The agent discovers relevant tool wrappers on demand by browsing a typed file tree, generates TypeScript or Python code that imports only the needed wrappers, and executes that code in a sandboxed runtime. The sandbox runs loops, conditionals, filtering, and state reads/writes, then returns only filtered or summarized output to the model.

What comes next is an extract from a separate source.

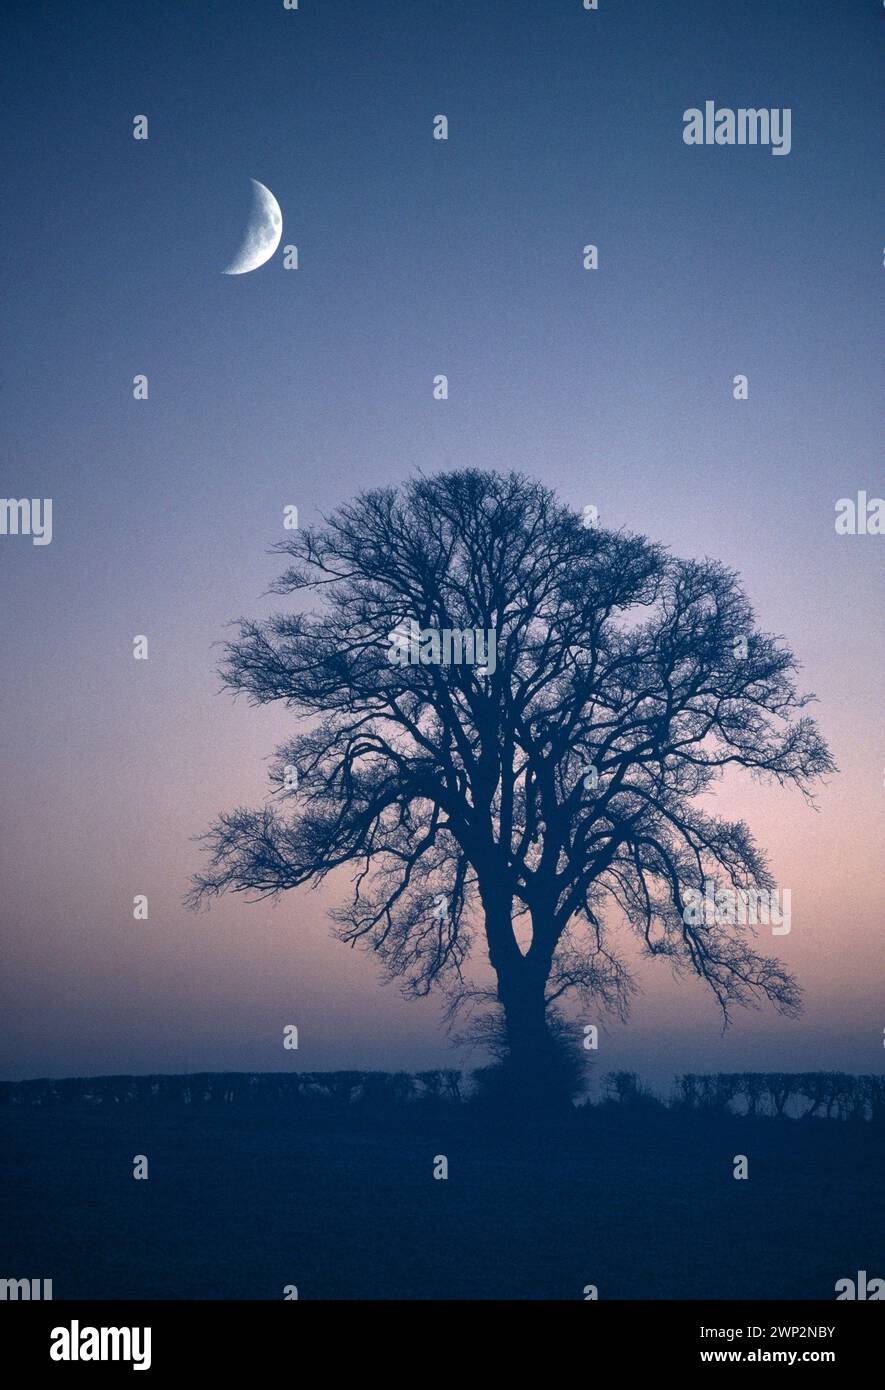 Wych Elm (Ulmus glabra) silhouette of mature tree in winter with moon in background, Berwickshire, Scotland. Stock Photo

A central MCP client routes calls to servers and can tokenize PII before results reach the model.

When to use it

Connecting to many MCP servers (10+) or dozens of tools (50+)
Intermediate results are large (>10k tokens) and must be filtered before modeling
Workflows need loops, retries, polling, or complex control flow across tools
PII or other sensitive data must not enter model context
You need persistent workspace state or reusable agent skills

Best practices

Expose each MCP tool as a small typed wrapper file with input/output interfaces and JSDoc
Progressively discover tools by listing server directories instead of preloading all definitions
Run generated code in a hardened sandbox with CPU, memory, disk, and timeout limits
Tokenize or mask PII at the MCP client boundary; log tokenized outputs for audits
Persist intermediate artifacts to a scoped workspace and extract repeated logic into skills/

Example use cases

Batch-syncing thousands of records between Google Drive sheets and a CRM while keeping emails out of model context
Polling a messaging channel until a deployment event appears, with retries implemented in the sandbox
Filtering and summarizing large datasets server-side, returning only a concise summary to the agent
Accumulating reusable helper functions (skills) for repeated operations across runs
Running multi-step workflows that span many heterogeneous MCP tools with state saved between runs

FAQ

How does this reduce token usage?

Only the signatures and docs for imported wrappers are sent to the model; the bulk of tool definitions and large intermediate data stay in the sandbox, which drastically cuts context size.

How is sensitive data protected?

The MCP client tokenizes or masks PII before it is included in execution output, and network and filesystem access are restricted to limit leakage.